The most interesting part of the comic is the day of the inauguration prior to the ceremony. Though only a single page, there were several details I was unaware of, such as the fact that the incoming president takes command of the nuclear “football” hours before before being sworn in, and I’d have loved to have seen more moments like this. Amusingly, Chief Justice Roberts’s mangling of the oath of office (and his addition of “So help you God?” which many oath takers say, but which is not actually part of the oath) is presented without comment. The scene is actually quite funny without context, though it did make me realize that the entire thread of the assorted conspiracy theories about Obama’s supposed lack of legitimacy—for instance, the fact that the oath was administered wrong, so he can’t really be president, OMG, remains a popular charge—are ignored in this version of events. (In fact, the oath was later re-administered, just in case. My favorite theory about the whole thing comes from a New York Times op-ed speculating that the error was a result of Roberts’s grammar Naziism.) It’s not something serious people debate, but it is a sad, dark undercurrent to a story that Barack Obama #1 portrays as purely sunny (one that is even darker after the many conspiracy-theory-driven murders that have taken place since the inauguration), with the sole exception of the now-impeached Illinois Governor Blagojevich’s attempted sale of the president’s vacated Senate seat, which receives a panel.
On the art side, a lot is asked of Tom Morgan, who has to master a whole new set of likenesses since last time, and he generally manages, though his Palin never comes out quite right, his McCain is iffy when not in close-up, and the Obama girls look a little too old. On the other hand, if Bluewater’s Female Force series is planning a Nancy Pelosi issue, I recommend Morgan. I was also able to recognize Fed Chairman Ben Bernanke, even though he is not named when he appears.
The story moves a lot faster than in PM: Barack Obama, with most scenes lasting one panel and a heavier reliance on captions. Morgan’s response is to shake up the page layouts a lot more, with the unfortunate effect that, even after looking at them for awhile, I couldn’t determine the reading order of captions on a few pages.

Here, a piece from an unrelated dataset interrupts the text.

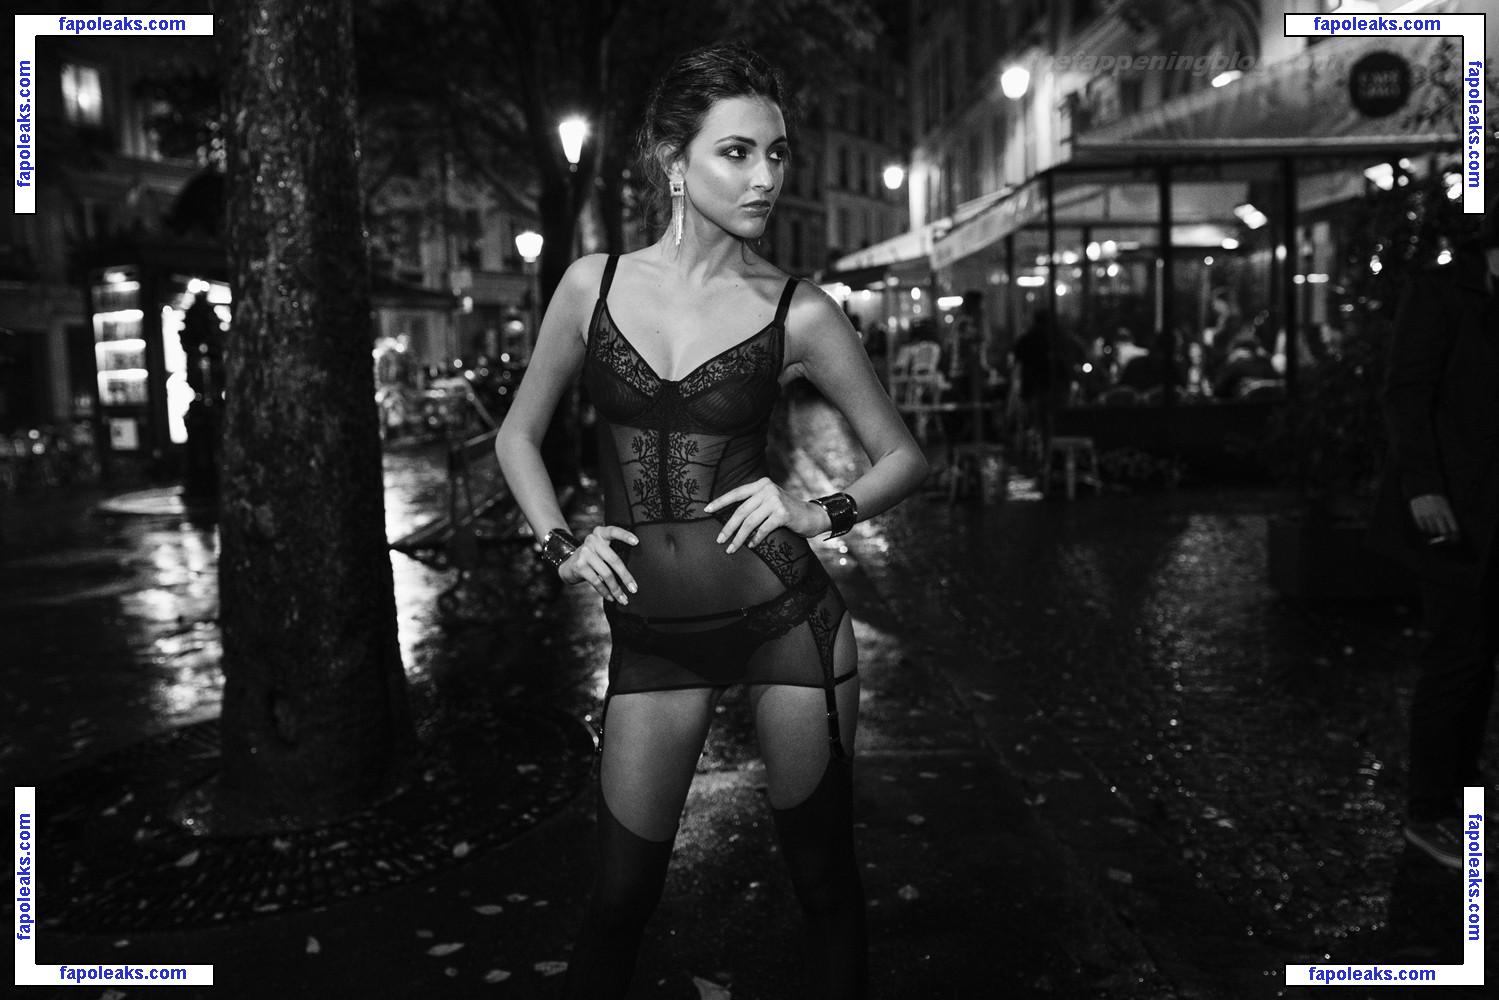 Erika Albonetti / erika.albonetti nude photo #0188 from OnlyFans

It’s a more mixed bag than Morgan’s last stab at this material.
It will be informative to see if Barack Obama #1 can recapture the success of the Presidential Material comics now that the election is over and, even though Obama’s popularity remains high, readers may be burned out on the campaign or ready to move on. For anyone who followed the election closely, there’s little new in this comic, but I found some value in a quick recap of those months, which seemed so different when seen all at once than when experienced day-to-day. With bits like highlights of the inaugural address, the comic fulfills the same “moment in history keepsake” function that last year’s installment did—this is what President Obama’s election looked like right after it happened—and in that respect it does its job, though in some areas more clumsily than PM: Barack Obama. In any event, IDW’s not finished yet, as the presence of a next issue blurb informs us that Obama has completed his transformation into a comic book hero by announcing the imminence of Barack Obama #2.
PS: Now that Mariotte and Morgan have gotten to continue with this project, I wonder if, somewhere, Andy Helfer and Stephen Thompson are seething over Obama’s victory in the same way that Jon Lovitz reportedly said, after the 1988 election, “Now fucking Dana [Carvey] gets to play the president for the next four years.”